Wall Street has split over “buying a downturn” in destroying the US stock market


Wall Street is strongly divided on buying declines as the US stock market is on track for its worst January since 2009.

Buying a downturn or adding stocks during downturns has proven to be a lucrative strategy since the beginning of the pandemic. Markets recovered higher and faster as monetary and fiscal policies kept lending rates close to zero and flooded the economy with money.

But while the Federal Reserve is working to curb high inflation, investors strongly disagree on how well the markets will recover this time.

“The buy-back reflex must be countered in an environment we are likely to continue to face in 2022,” said Rob Sharps, the new CEO of T Rowe Price, a fund manager who monitors assets of 1.7 trillion dollars.

Bill Gross, founder and former chief investment officer of a $ 2.2 trillion fund manager. Pimco told the Financial Times: “The buying mentality has been erased from the market.

Markets began roughly by 2022, as high-value technology stocks and losing but lively names were pulled back to earth. The Nasdaq Composite Technology Index fell nearly 13 percent since the beginning of the year, while the S&P 500 index of U.S. stocks with blue chips fell 7.6 percent, even after a rally late Friday.
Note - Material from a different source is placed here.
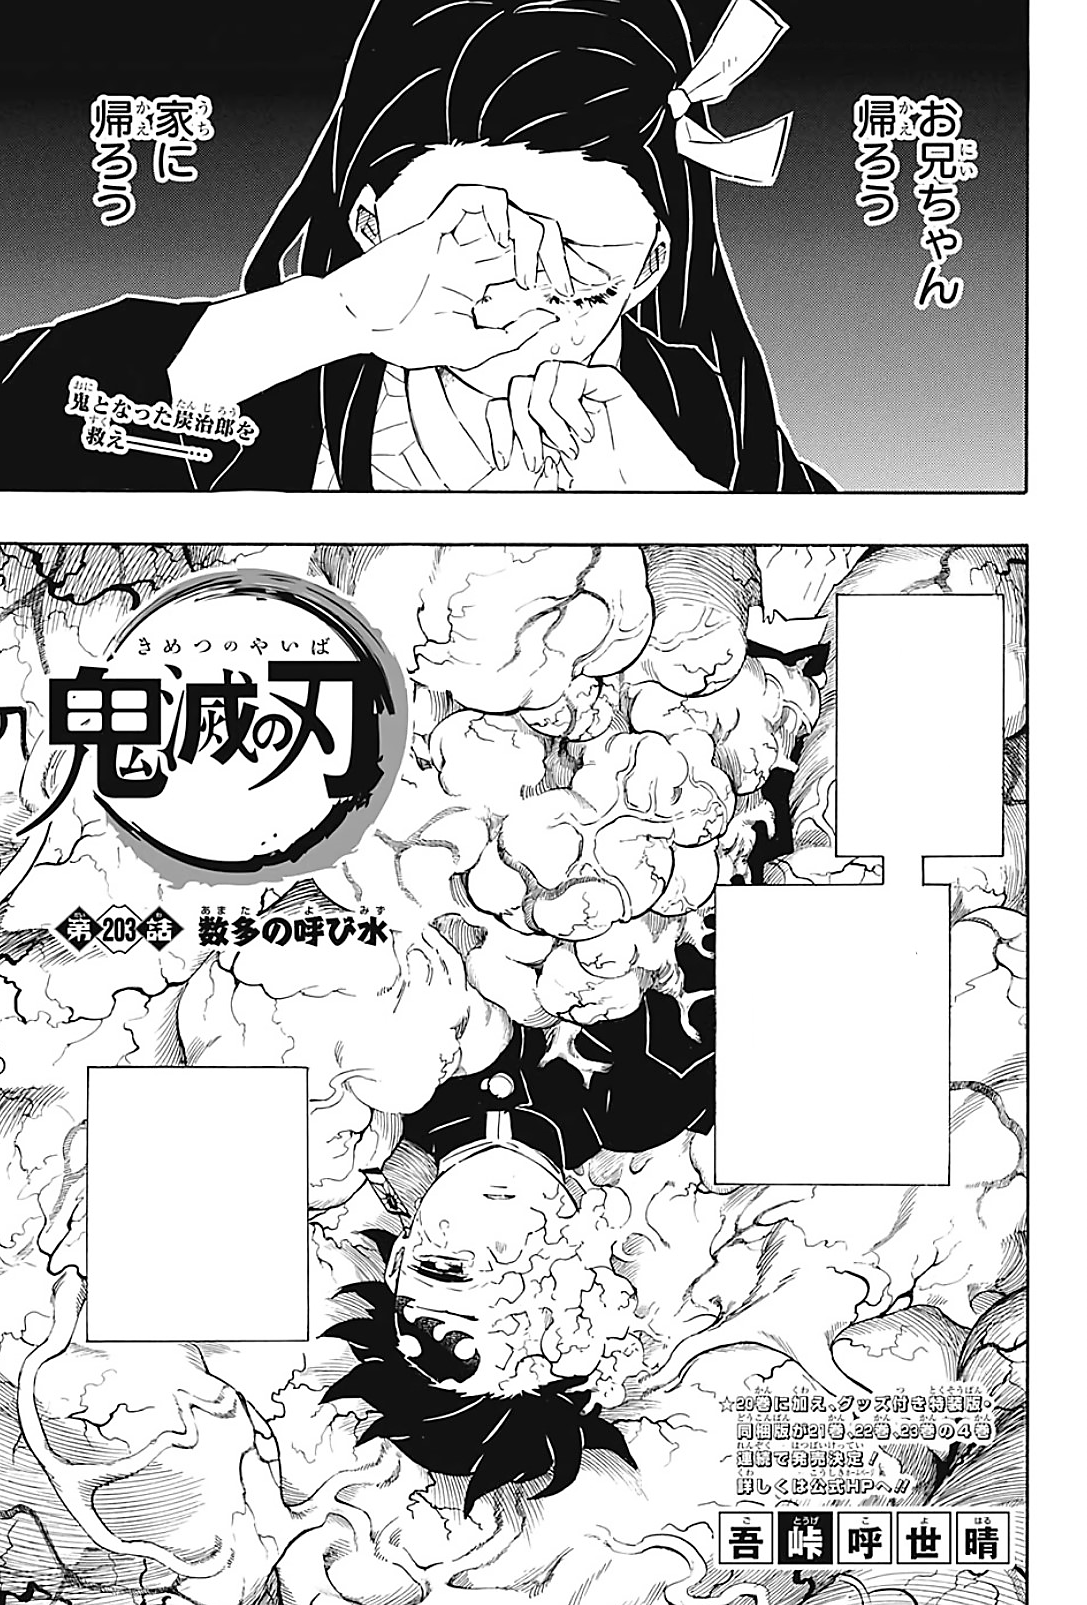 Demon Slayer: Kimetsu no Yaiba Chapter 203 - Kimetsu no Yaiba
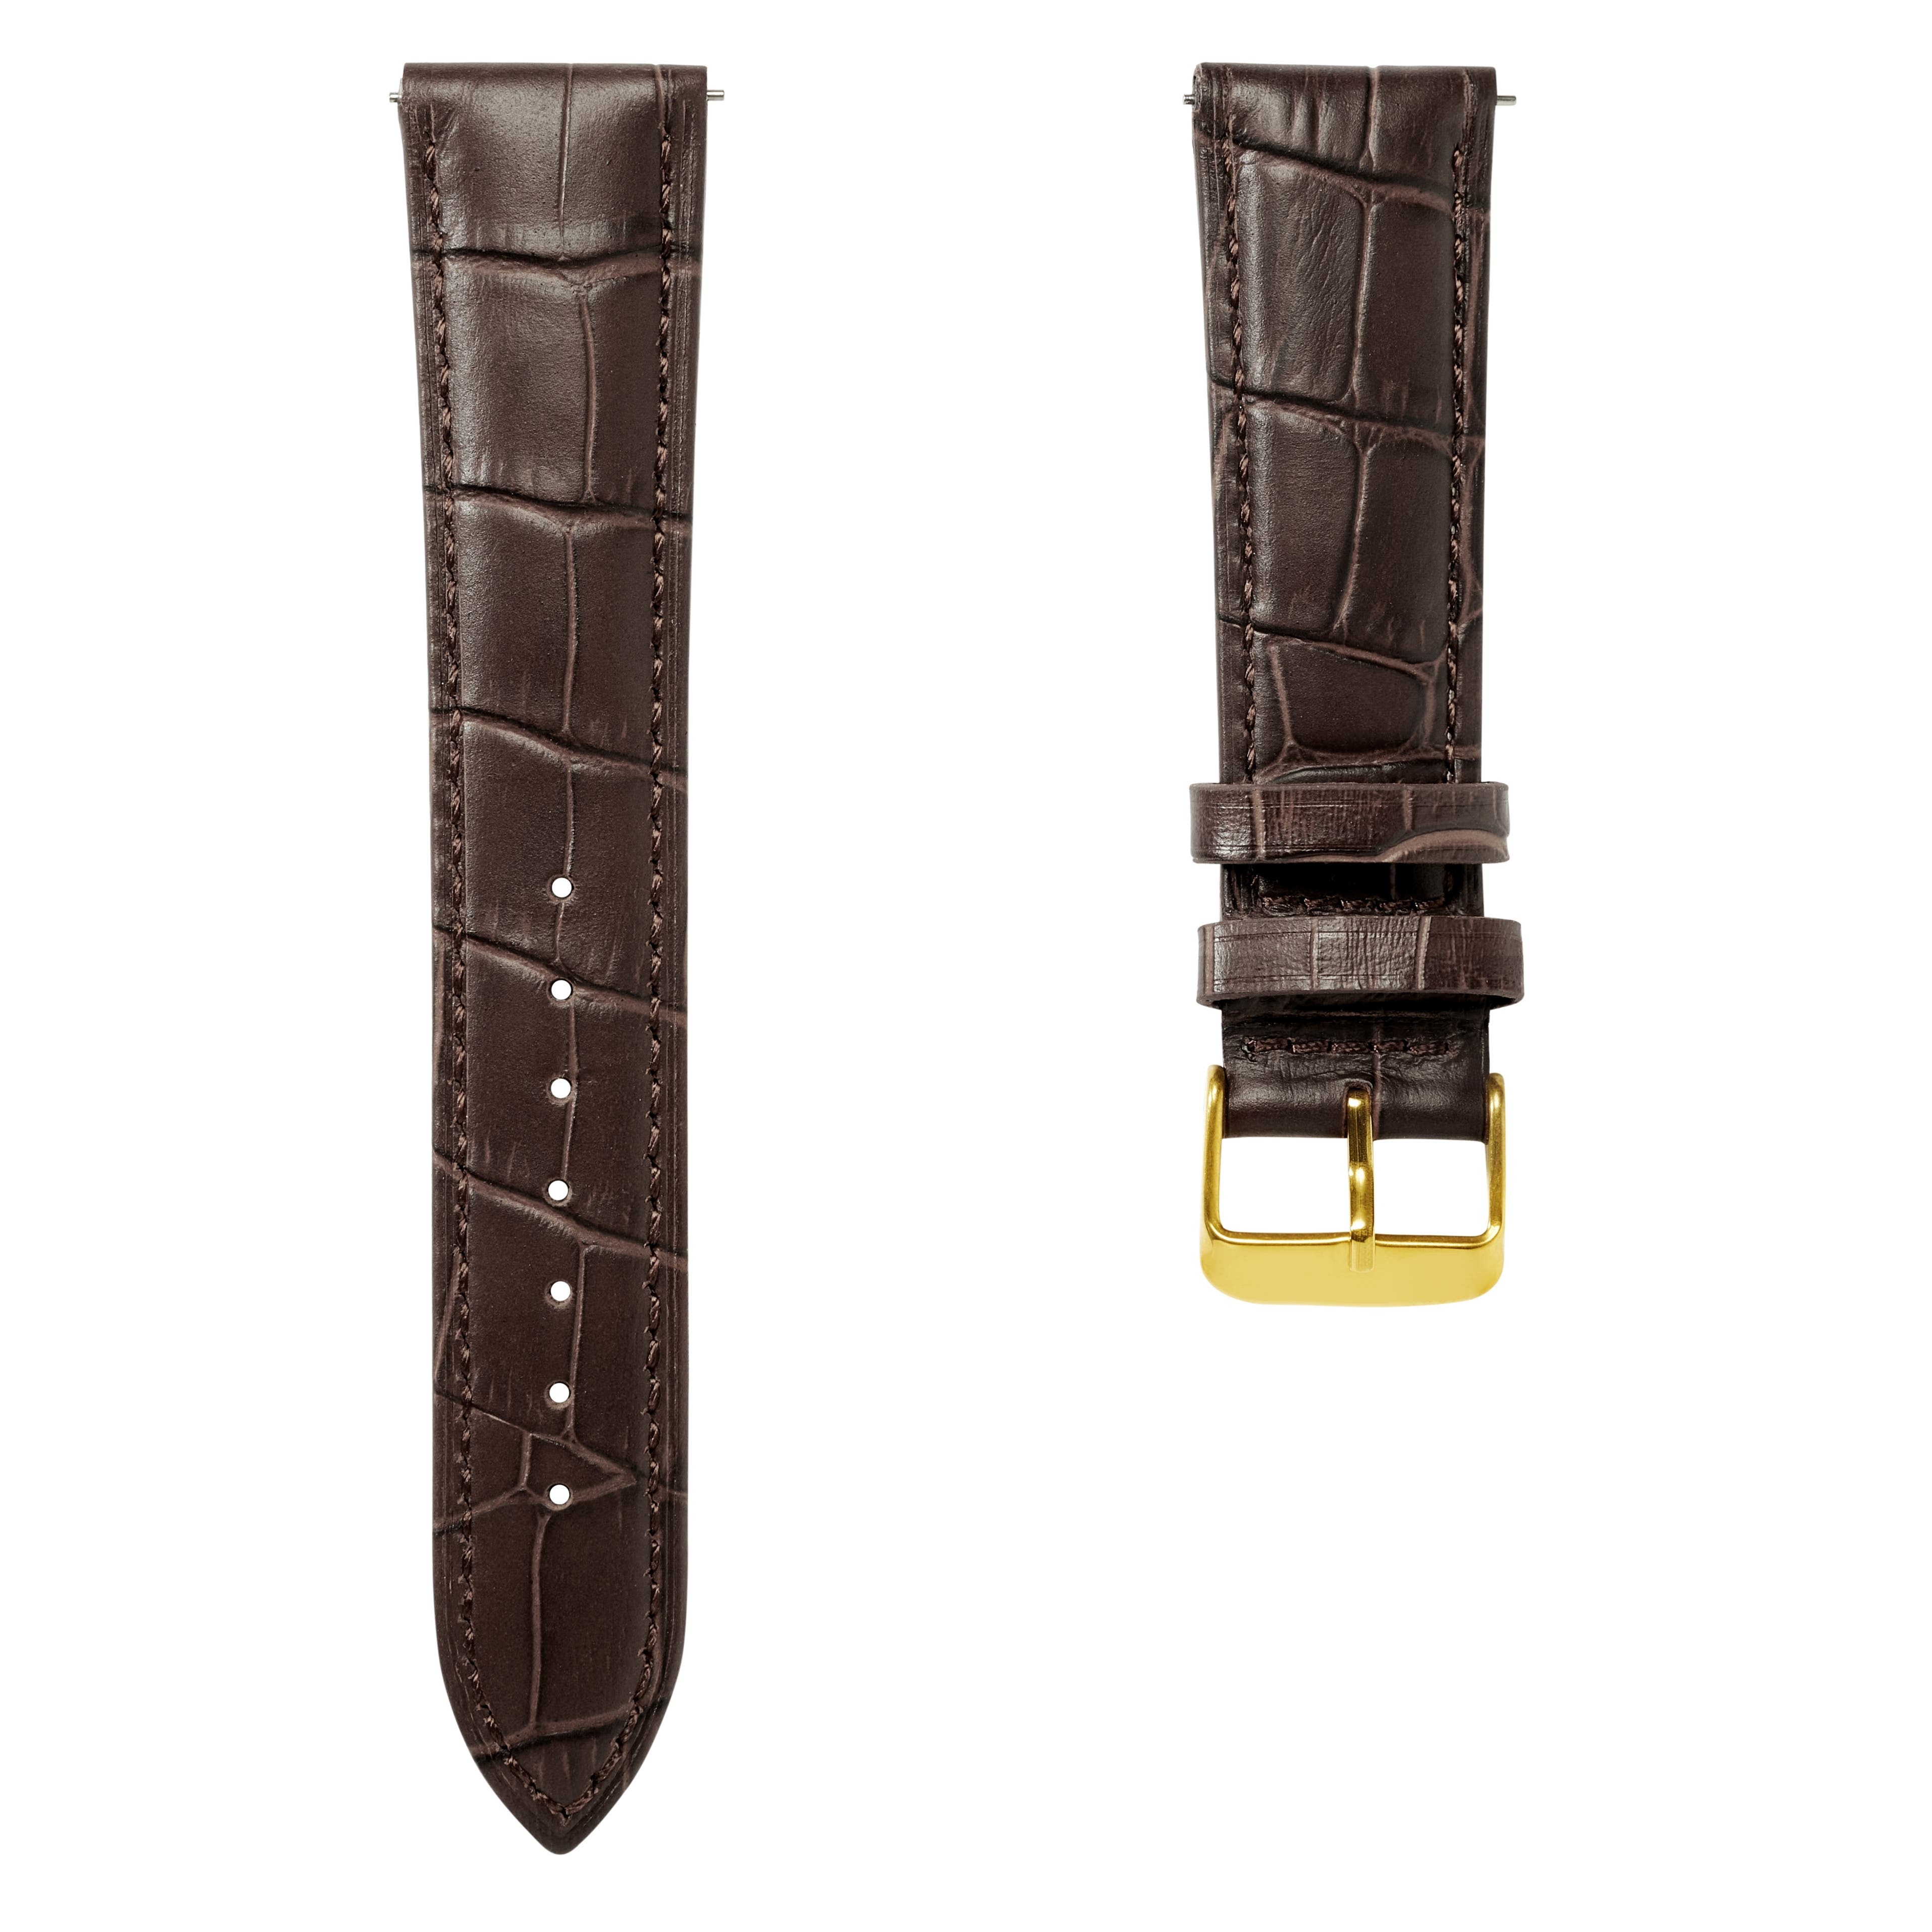  Bracelet de montre en cuir marron foncé à motif crocodile avec boucle couleur or et système d'attache rapide – 22 mm

Shares have been booming as investors struggle with US interest rates. The Federal Reserve signaled this week that it would start raising interest rates in March, and Jay Powell, chairman, left open the prospect of an aggressive sequence of interest rate hikes during the year.

Wall Street analysts have warned: HSBC has warned investors that there are few indications that Powell will step in to support the falling market, while Jeffries said the more the Fed tightens, the more optimism the markets will question.

“Any environment in which there is a reversal of monetary policy adjustment makes it difficult to expect that returns will be stable and that it is definitely the right thing to do to buy any withdrawal,” Sharps said in an interview with FT.

Others, however, pounce on the retreats. Billionaire Bill Ackman, head of the hedge fund Pershing Square, said this week that his group had bought more than 3.1 million shares of Netflix after the price of the video streaming company fell.

“Many of our best investments came when other investors with short-term horizons dumped great companies at prices that look extremely attractive when one has a long-term horizon,” Ackman said in a letter published Wednesday.

Jonathan Gray, president of Blackstone, said earlier this week that “the market is changing and the average value of Nasdaq shares is falling by more than 40 percent [from last year’s all-time high] can create opportunities “for the manager of private investment and alternatives with $ 881 billion in assets.

And Ark Invest’s Katie Wood, whose once-leading technology equity portfolio has fallen 27 percent since early 2022, said this week that “innovation is on sale” after asset prices fell.

Analysts note that sales this month were not simply driven by concerns about interest rates, but by fundamental factors as companies trading at high valuation rates began to look more uncertain.

Gross said that as the Fed’s policies tighten, investors, especially new ones who have only experienced a bullish market, will shy away from buying stocks down the road “in what we are beginning to see as a bear market.”